2) The PDF file becomes the document which now has the final revised content, and the initial content is out of sync with it. So if the initial content needs to be somewhere else (like on a website), we need to recreate it from the PDF file.
Generating the PDF file will help me solve both these problems. Perhaps some way in which the graphic designer creates a "Template" and then puts in tags/holders and maps these tags/holders to the relevant data.
Thanks :-)
There are some tools out there for doing this. XSL-FO is useful. Here is a tutorial for creating a pdf from xml (or xhtml) with cocoon. Also see Apache FOP.
You could format your SQL data as XML and still use the same templates this way.
I use the ReportLab python library for this. It could perhaps solve your problem, but you will need to do some work...
In the past I have written scripts that spit out LaTeX then used texi2pdf to solve this kind of problem.
Take a look at iReport and JasperReports at http://jasperforge.org.
iReport lets you design reports, and then you can either programatically fill it with the JasperReports library (Java), or just use iReport to manually create the report.
I have only used it for tabular data, but I don't think there would be any problem for other types of documents.
You could create a form and populate the entries programmatically using a pdf library like iText (Java).
You could look at doing the workflow in PostScript which is plain text that you can easily compose from fragments. Then you can use any free tool to convert to PDF.
Take a look at Prince XML. This tool allows to generate PDF based on XML or HTML and CSS.
A possible way is to use a template engine, like FreeMarker or StringTemplate: these are often used to generate HTML, but they are flexible enough to output any format, actually.
The problem is to make a PDF template, I suppose. Perhaps you can take a sample output and edit it to replace data with placeholders to be filled by the template engine.

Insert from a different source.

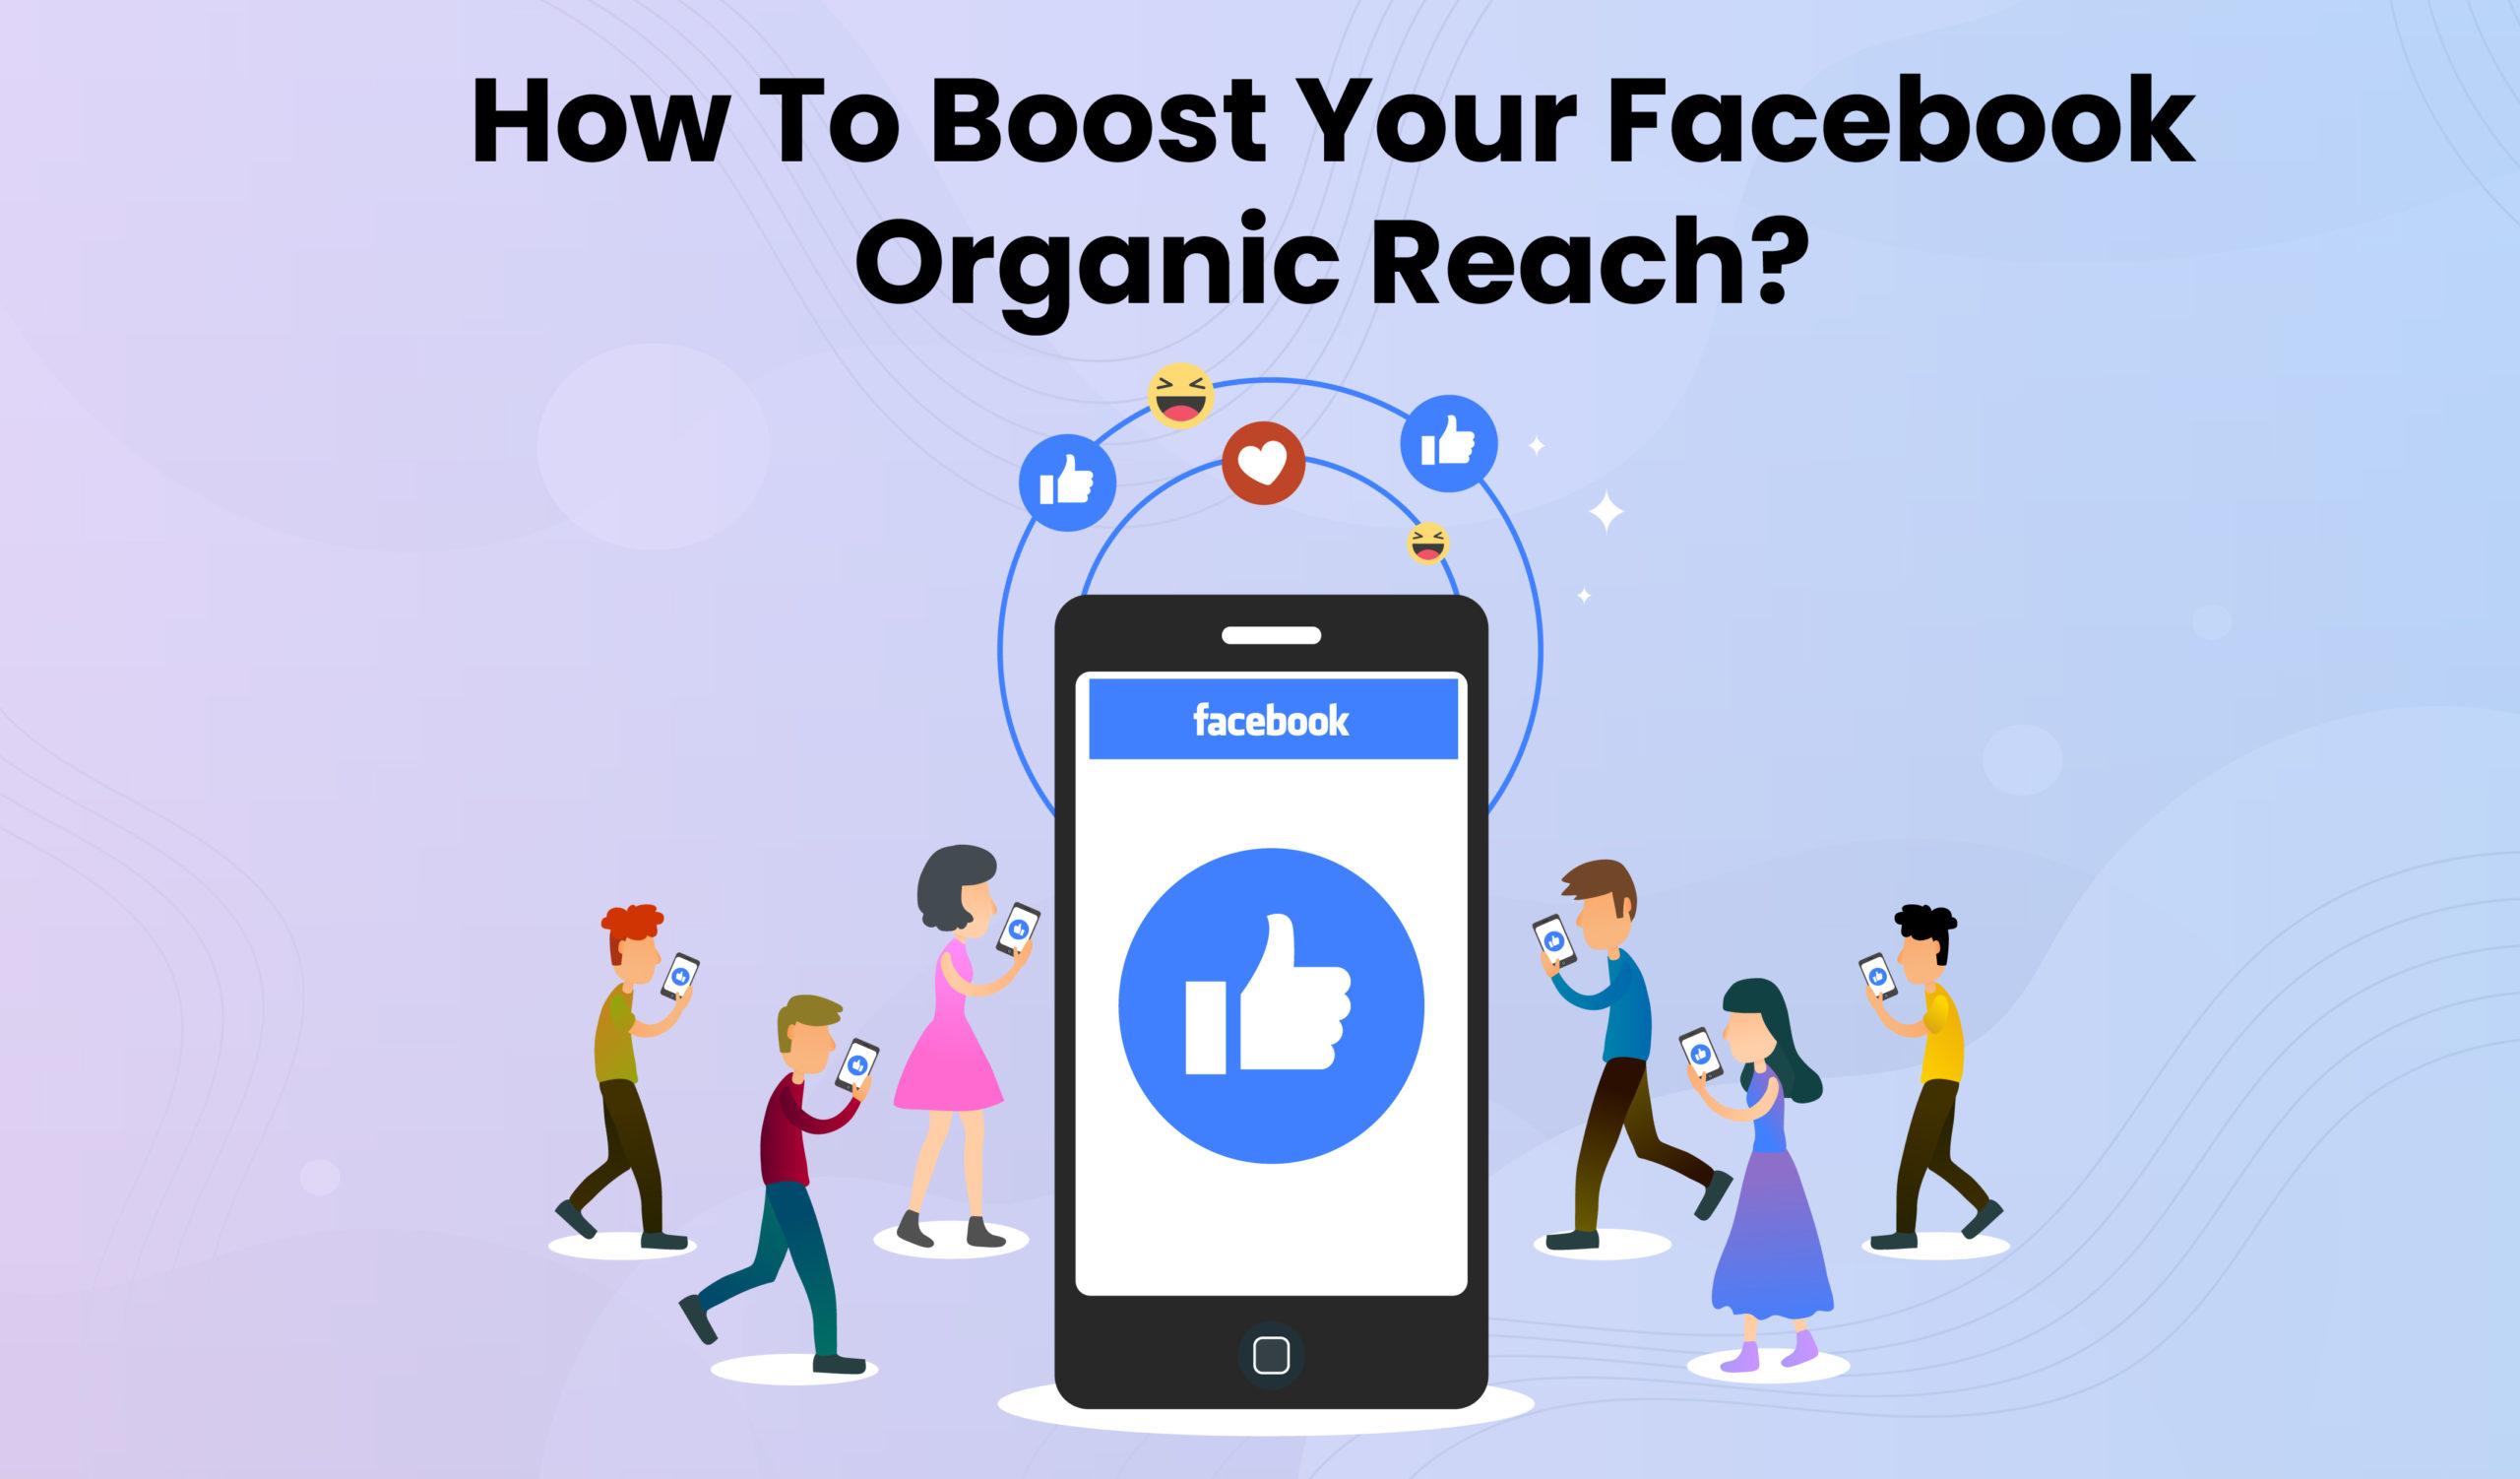 How to boost your Facebook organic reach?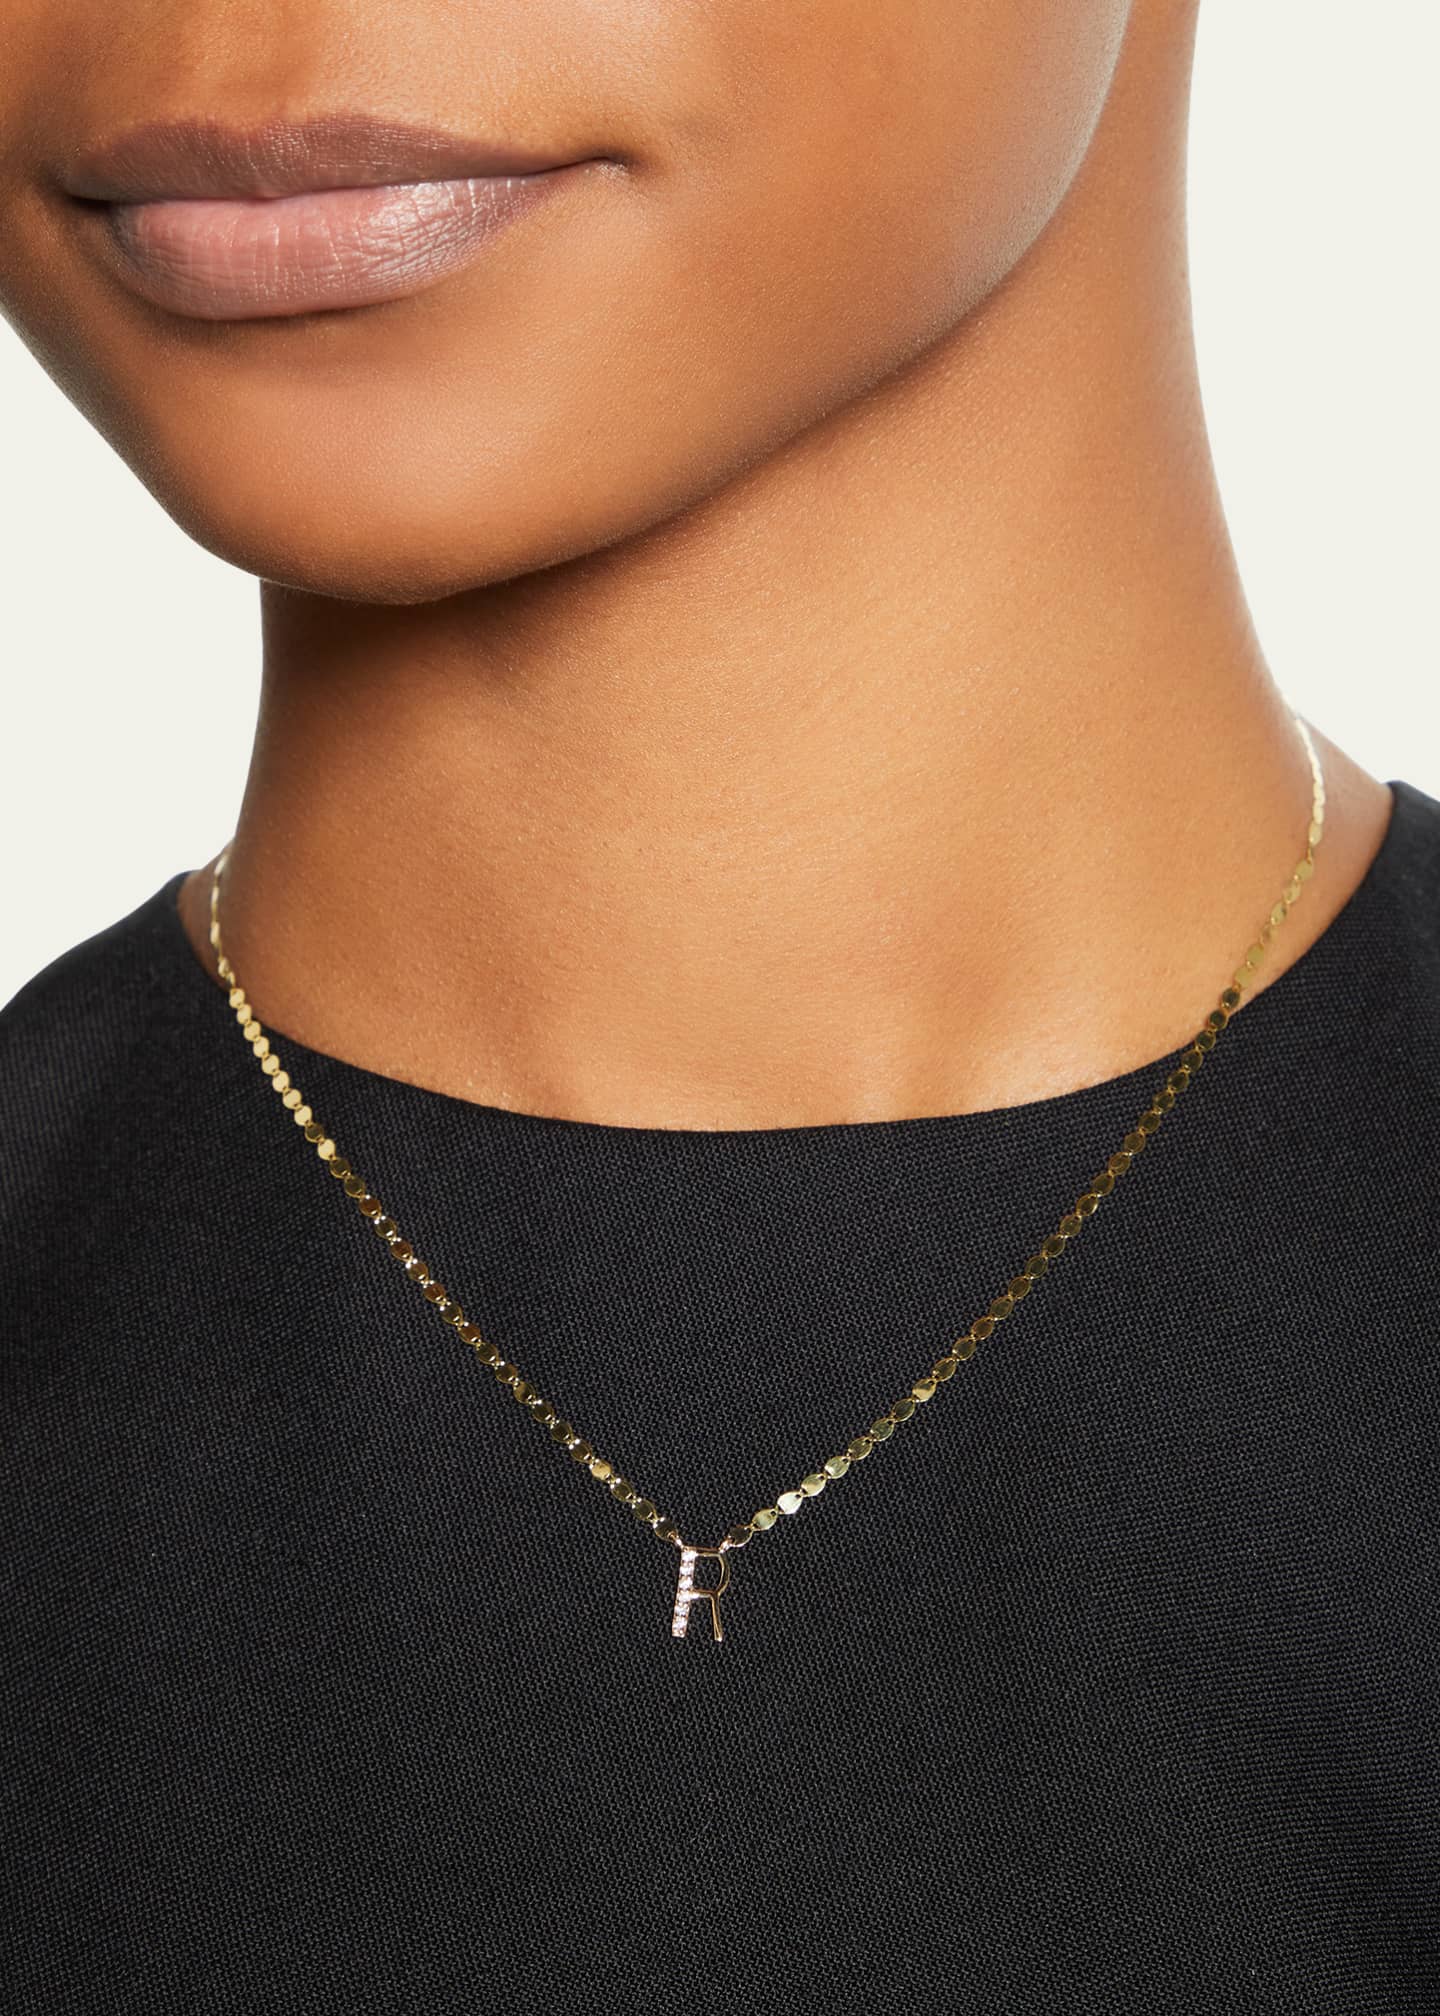 Lana Get Personal Initial Pendant Necklace with Diamonds

Might not be trivial!
Sounds like a job that SQL Server Reporting Services can handle quite easily.
Reporting Services allows you to query the data, define the layout, and export to PDF without any intervention. The PDF output can be distributed via email, stored on a file share, and accessed via a page on the report server.
It can handle XML data sources too.
Another approach to generating a PDF file from data is to use prawn, which is based on ruby. I was very pleasantly surprised by how much functionality is included in prawn. It may take some investment up front but this approach will give you a lot of flexibility.
You can combine CSStoXSLFO with XEP from RenderX for high quality output. With this solution you can merge XML data into an XHTML template, which is decorated with CSS. It can also generate charts with the fantastic JFreeChart library. CSS3 page media features are supported.